_DATASET CONTENT_
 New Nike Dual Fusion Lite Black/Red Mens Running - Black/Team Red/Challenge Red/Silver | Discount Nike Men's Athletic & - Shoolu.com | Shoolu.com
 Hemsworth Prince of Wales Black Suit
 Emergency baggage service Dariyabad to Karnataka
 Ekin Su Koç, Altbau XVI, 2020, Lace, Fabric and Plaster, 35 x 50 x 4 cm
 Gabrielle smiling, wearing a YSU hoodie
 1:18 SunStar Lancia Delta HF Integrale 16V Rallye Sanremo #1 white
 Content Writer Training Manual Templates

_WHAT THE EXERCISE ASKS_
Copy exactly, and only, the lines from the one containing "Emergency baggage service" through the last line of the listing.

_EXERCISE ANSWER_
 Emergency baggage service Dariyabad to Karnataka
 Ekin Su Koç, Altbau XVI, 2020, Lace, Fabric and Plaster, 35 x 50 x 4 cm
 Gabrielle smiling, wearing a YSU hoodie
 1:18 SunStar Lancia Delta HF Integrale 16V Rallye Sanremo #1 white
 Content Writer Training Manual Templates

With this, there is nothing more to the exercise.